Understanding Intermediate Goods
It is also essential to understand that goods can act as both intermediate and final, depending on their use. For instance, sugar in the abovementioned example serves as an intermediate input. However, it is a final good when consumers purchase it for domestic use.
It also includes goods used for resale. For example, it contains goods sold from a wholesaler to a retailer for resale. These goods are categorized as final goods only when they are sold to the final consumer by the retailer.
This distinction is well-defined and easily categorized according to the use of the product.
These goods are traded between industries and never leave the boundaries of the production sector. This implies they are sold among industries for resale or production.
- A producer can produce and use his intermediary goods.
- They can be made and sold to another producer to pay another intermediary input.
- They can be created and sold to another producer to produce a final good.
- They can be produced and further pledged to another producer for resale.
For instance, an automobile manufacturer can produce its parts to produce a car. The firm can also buy such inputs from another firm.
Furthermore, the firm can either sell the car to a car dealership as an intermediate good or directly sell it to the final consumer as a final good.
In all cases, the intermediary input is a part of the finished product. This gives us two essential characteristics.
- Such goods are said to have a derived demand as their demand depends on the demand for the final good. If the demand for cars reduces, the demand for parts required to produce a car also reduces.
- Their value is included in the value of the final good. The price of the car already consists of the price of its factor inputs.
How Intermediate Goods Work
Multiple firms can use intermediary inputs for different purposes because resources have alternate uses.
A typical example is the use of steel in the construction industry's production of bridges and other infrastructure and its simultaneous use by the automobile industry for producing cars and planes.
Note that the term 'good' here refers to economic goods. This includes both goods and services that have a benefit to society. About half the value of intermediate inputs comprises services.
For instance, a bank loan is a final product, but the services of a banker or the banking institution are considered intermediate services. Similarly, a photographer's services are intermediate in producing the finished good, the photograph.
It is essential to understand the distinction between intermediate goods and capital goods.
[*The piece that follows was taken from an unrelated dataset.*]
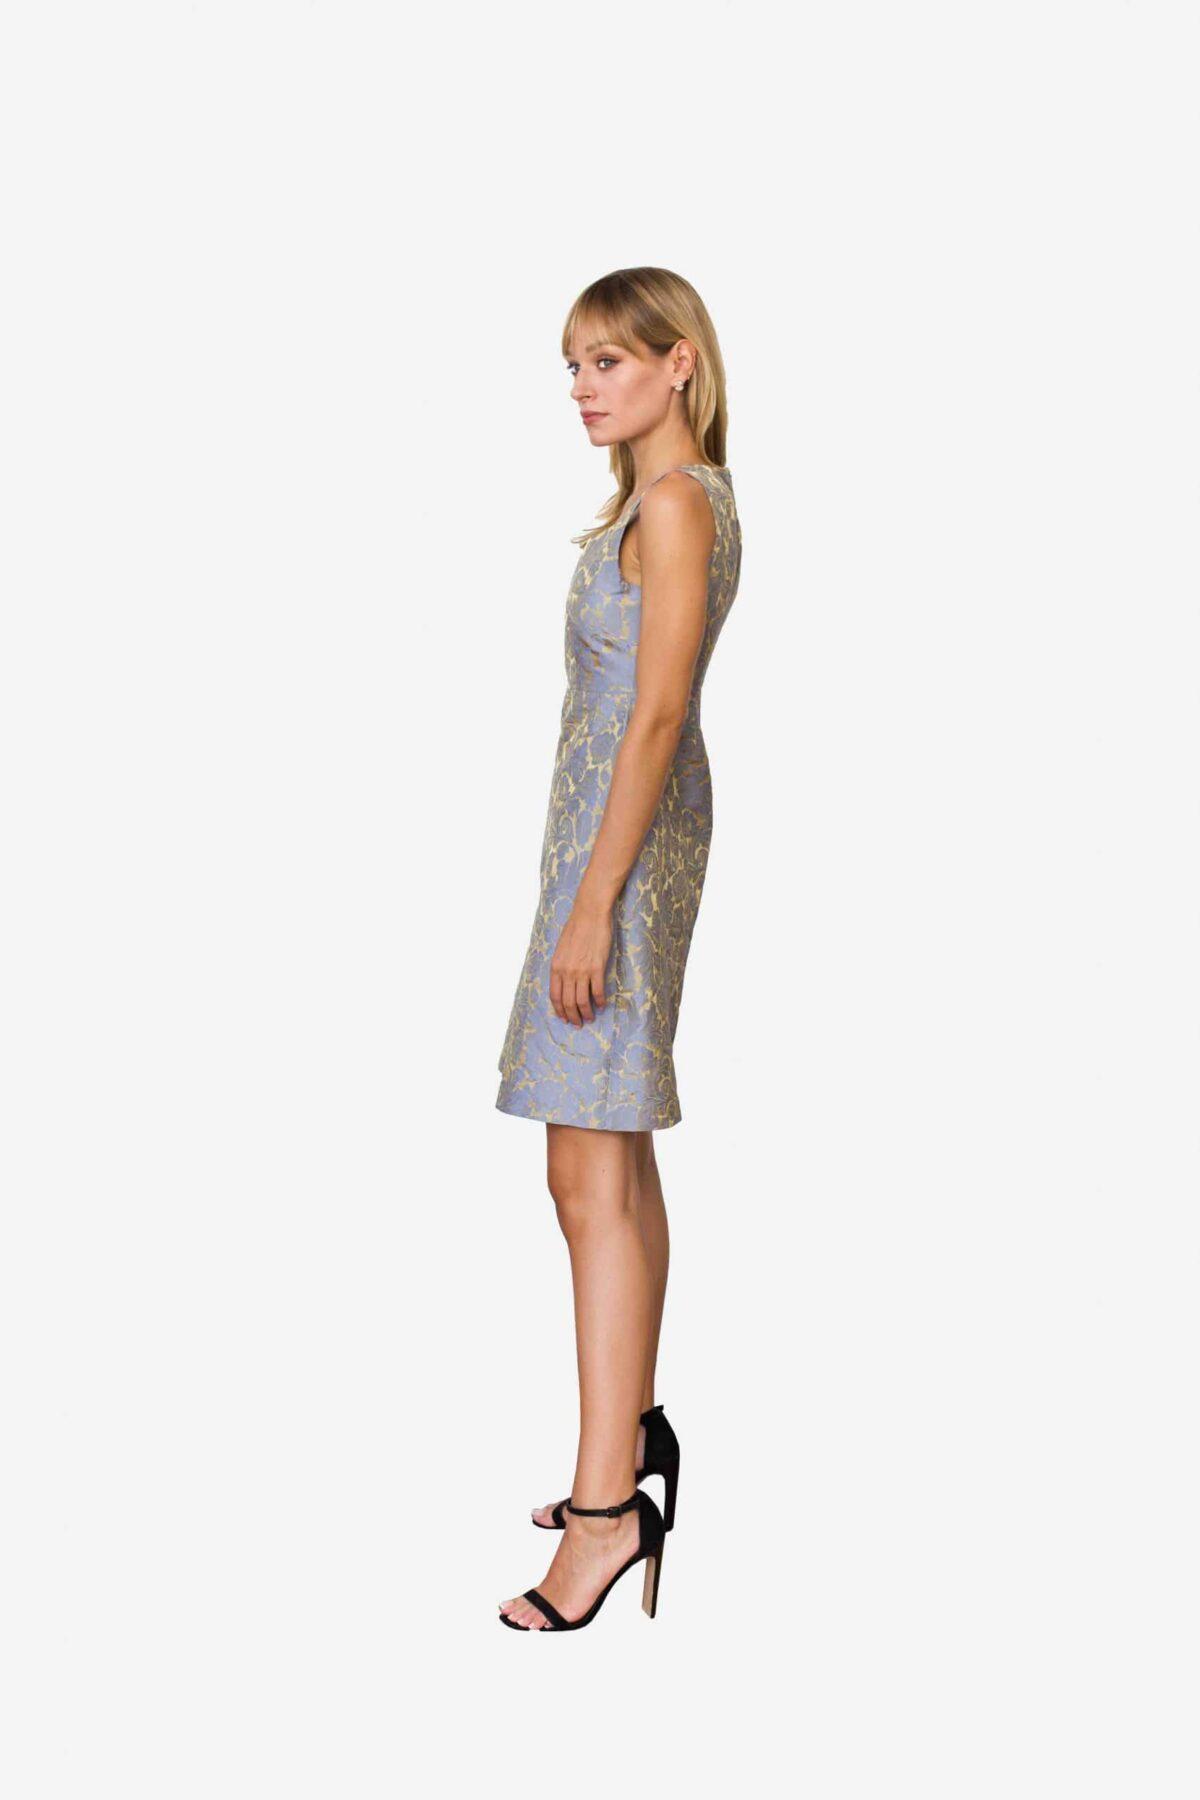 Kleid Madeleine von SANOGE. Elegantes Etuikleid aus Jacquard Stoff in blau und gold. Knielang.

Both capital and intermediary inputs are involved in the production process. However, unlike intermediary goods, capital goods do not change their form or get utilized.
For example, sugar used by a confectioner in making finished products is an intermediate good. On the other hand, the equipment used by the confectioner is a capital good as it can be used multiple times.
A more straightforward way to understand this distinction is that capital goods do not get used up during production. At the same time, intermediary inputs act as raw materials in production and lose their original form.
Intermediate goods and GDP
The Gross Domestic Product (GDP) includes the value of all goods and services produced in a country in a given period. It is considered a standard measure of the value added to goods and services through production processes.
The formula is:
Value-Added = Receipts of the Firm - The Cost of Inputs used
Since the value of intermediate goods is already included in the value of the final goods, it may create a problem of double-counting while calculating the GDP.
Intermediate Goods Example
Consider the following example; a car manufacturer buys a car engine as an intermediate product to produce a car for $1,000. He then sells the finished vehicle to a car dealership for $6,000 and then sells it to the final consumer for $9,000.
- Engine sold for $1000
- The car sold to the dealership for $6000
- The car sold to the consumer for $9000
While calculating GDP, we cannot include the value of intermediary inputs; that is, the cost of the car engine and the car sold by the manufacturer to the dealership is not included.
We only include the value of the final good (here, $9000) as it includes the value of all intermediary inputs.
Thus, the addition to GDP = $9000
Alternatively, we can use the value-added method of calculating GDP, whereby the total addition to GDP is calculated as the sum of the value-added in each production stage.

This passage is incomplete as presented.